● **Problem requirements**
Repeat the data below exactly, dropping any pictures it holds.

● **The data**
★ ★ ★

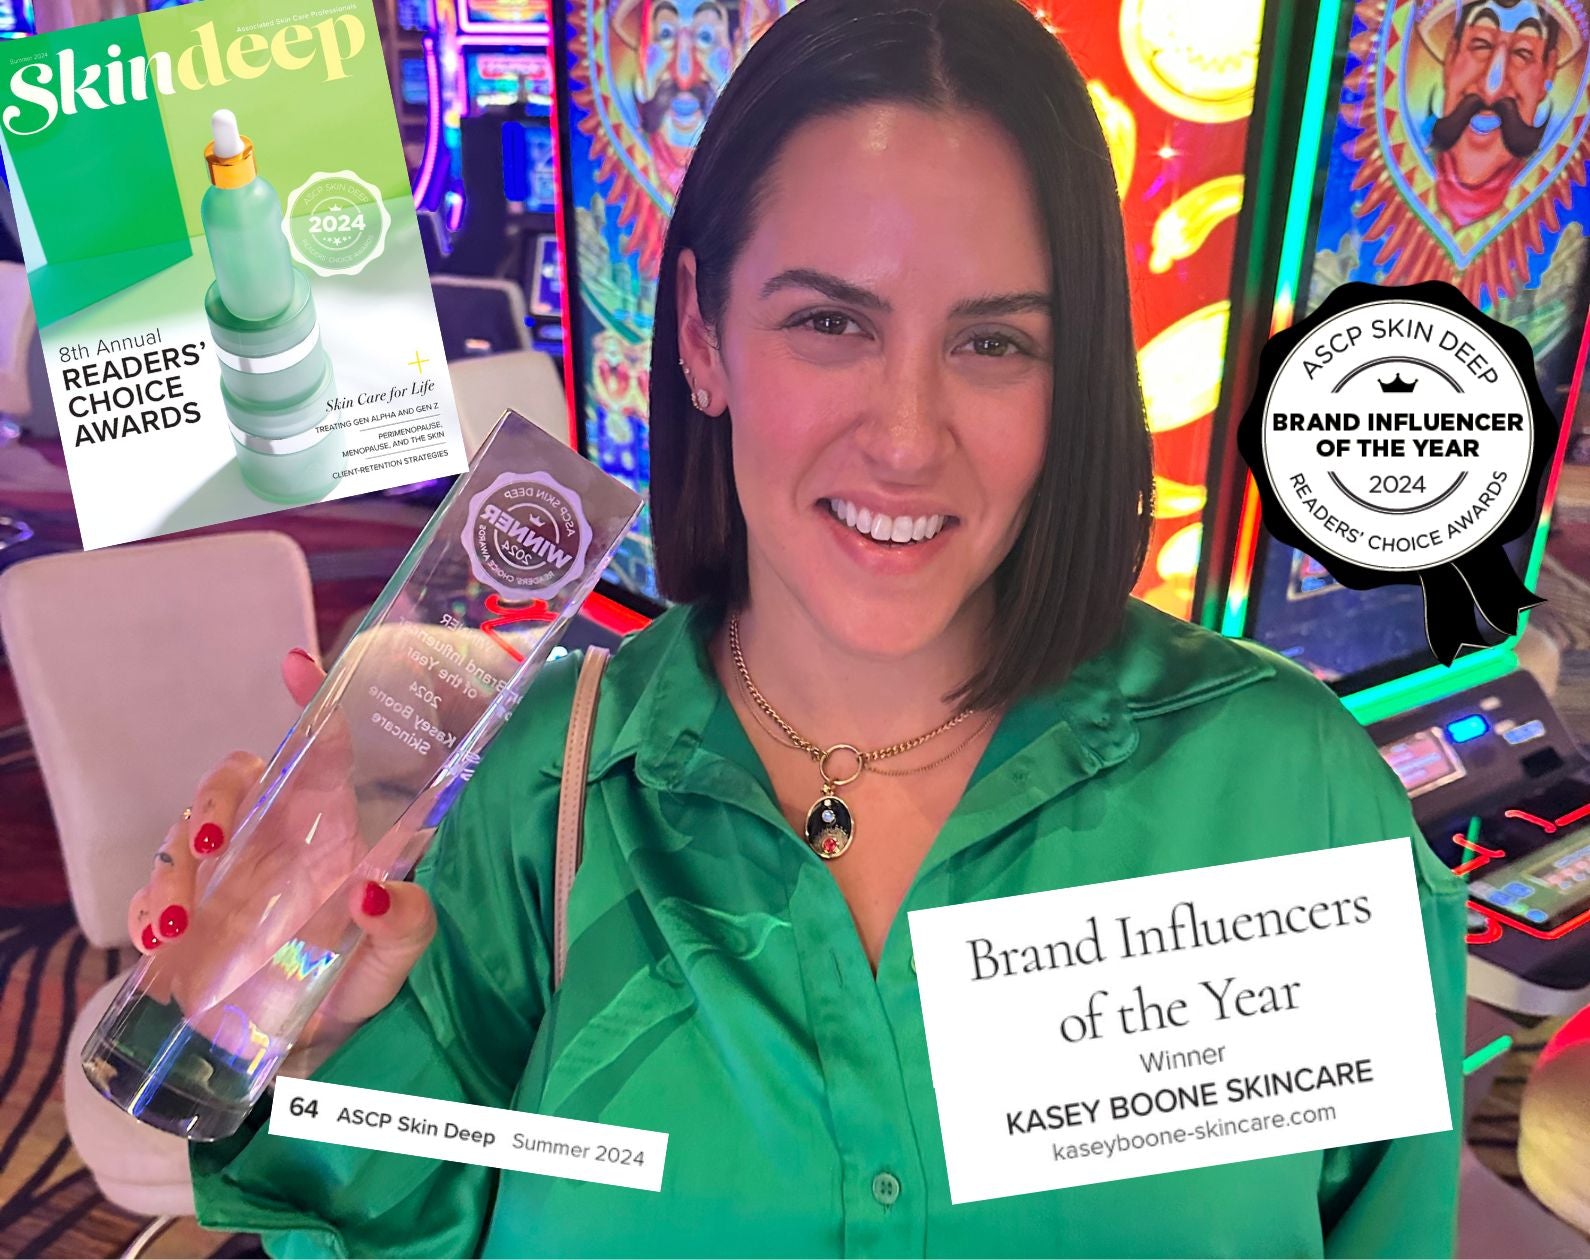 8th Annual Readers' Choice Awards Winner - Brand Influencer of the Year : Kasey Boone Skincare™
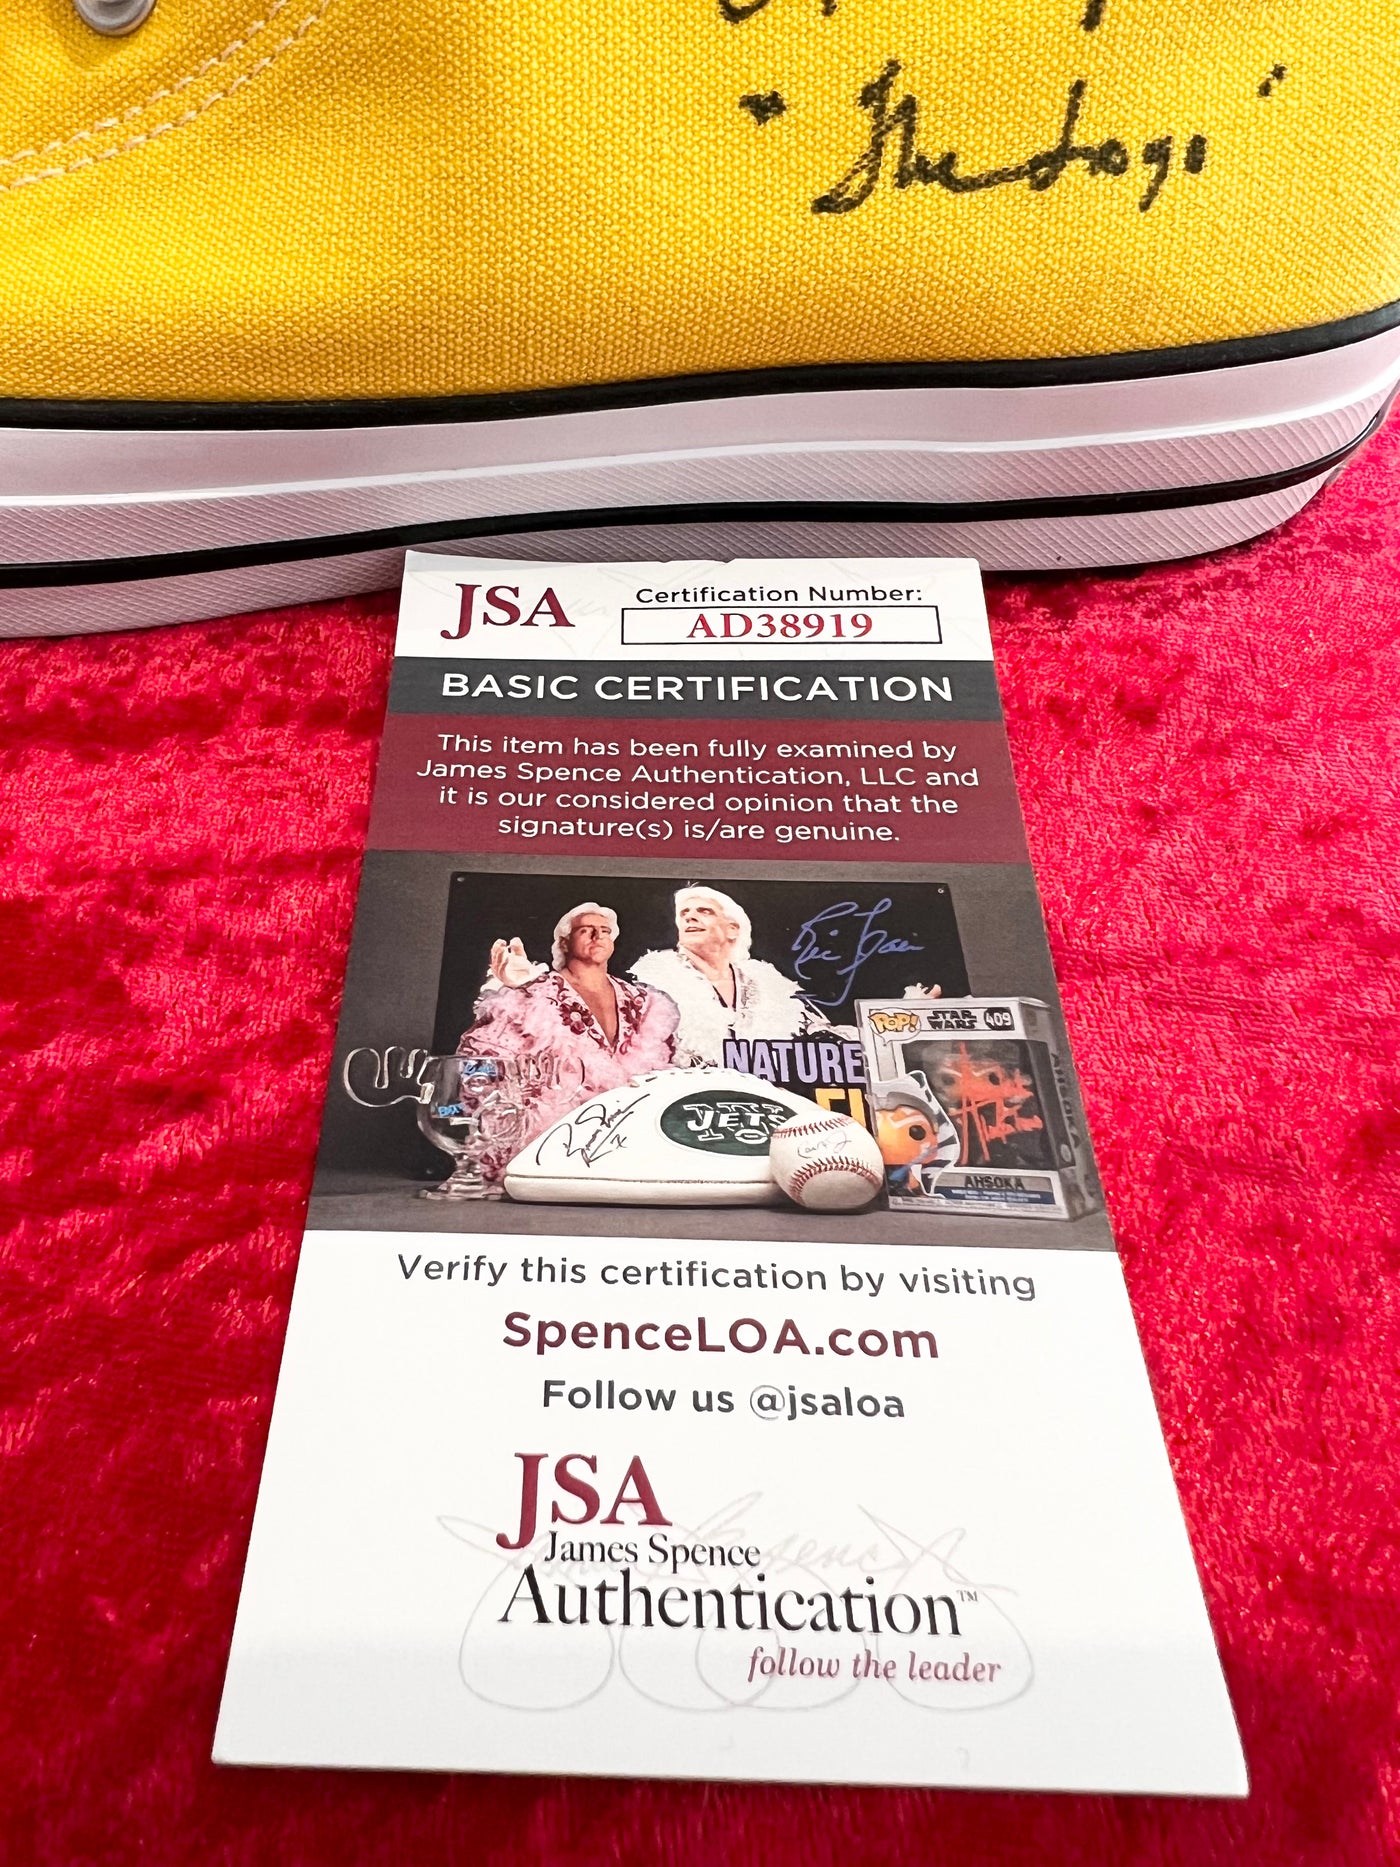 Jerry West Signed Converse Shoe Inscribed The logo RARE
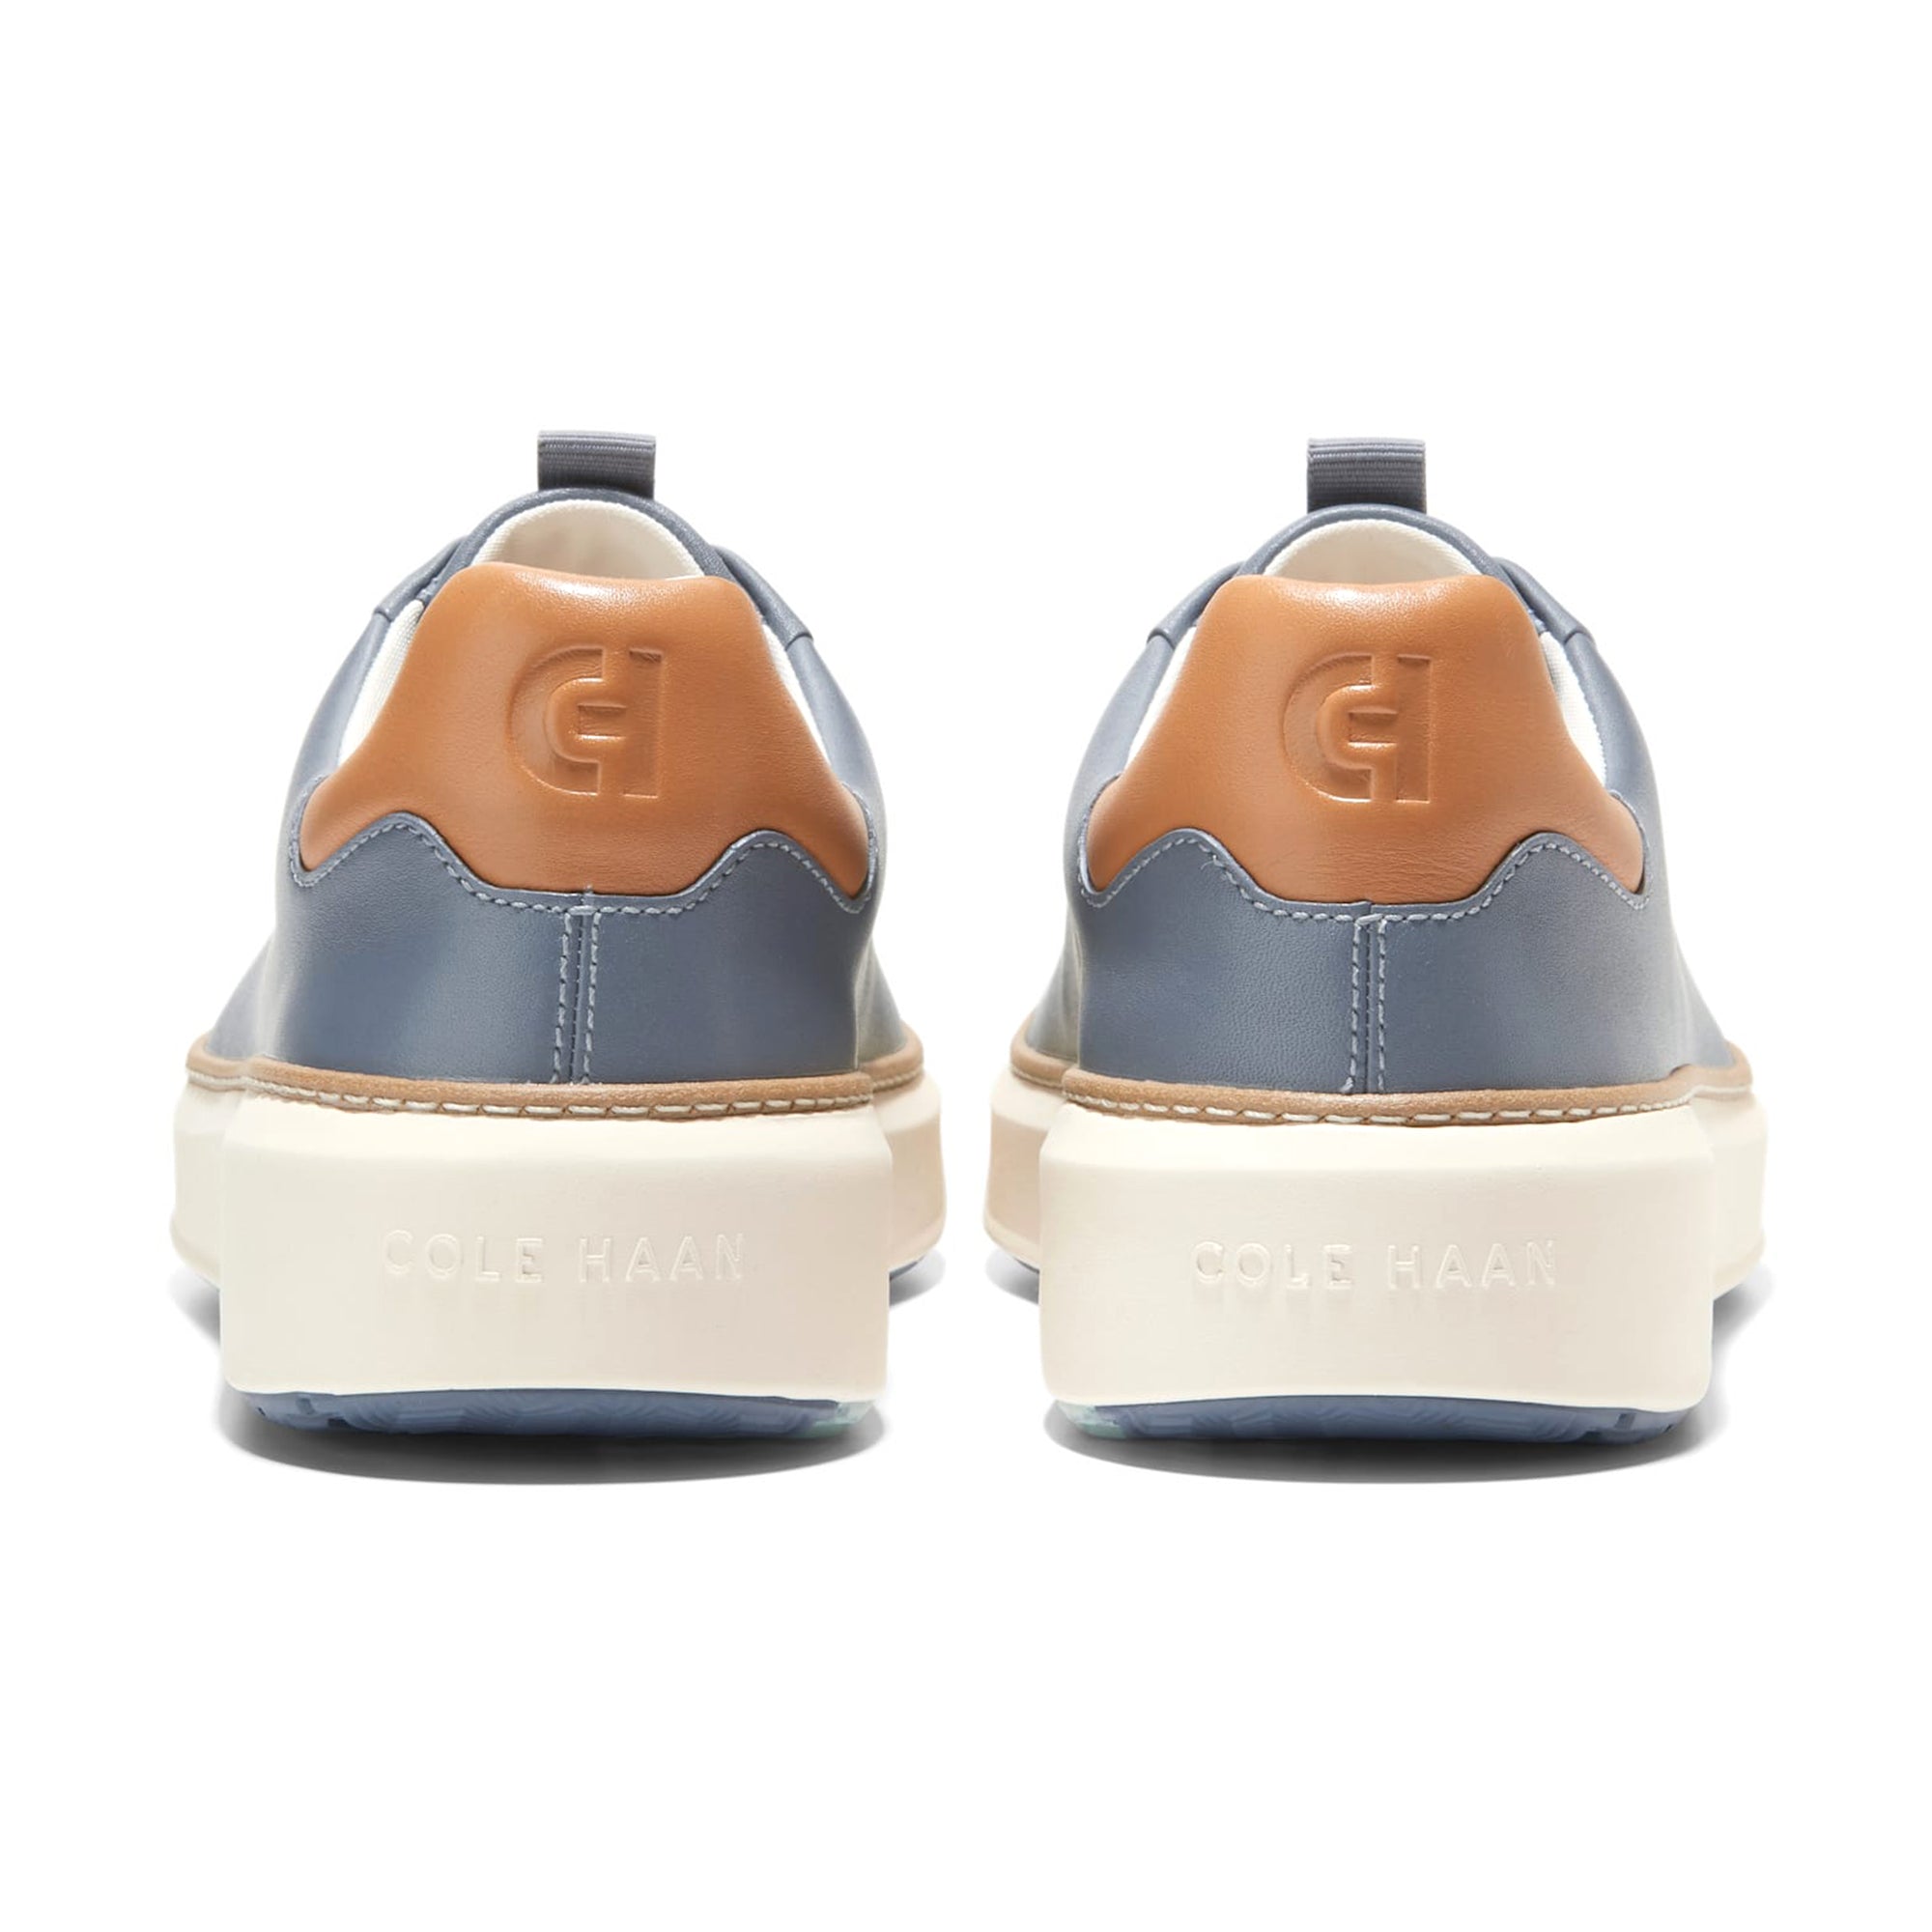 cole-haan-grandpro-topspin-golf-shoes-c38978-folkstone-grey-natural-tan-ivory

★ ★ ★

● **Result of the task**
 8th Annual Readers' Choice Awards Winner - Brand Influencer of the Year : Kasey Boone Skincare™
 Jerry West Signed Converse Shoe Inscribed The logo RARE
 cole-haan-grandpro-topspin-golf-shoes-c38978-folkstone-grey-natural-tan-ivory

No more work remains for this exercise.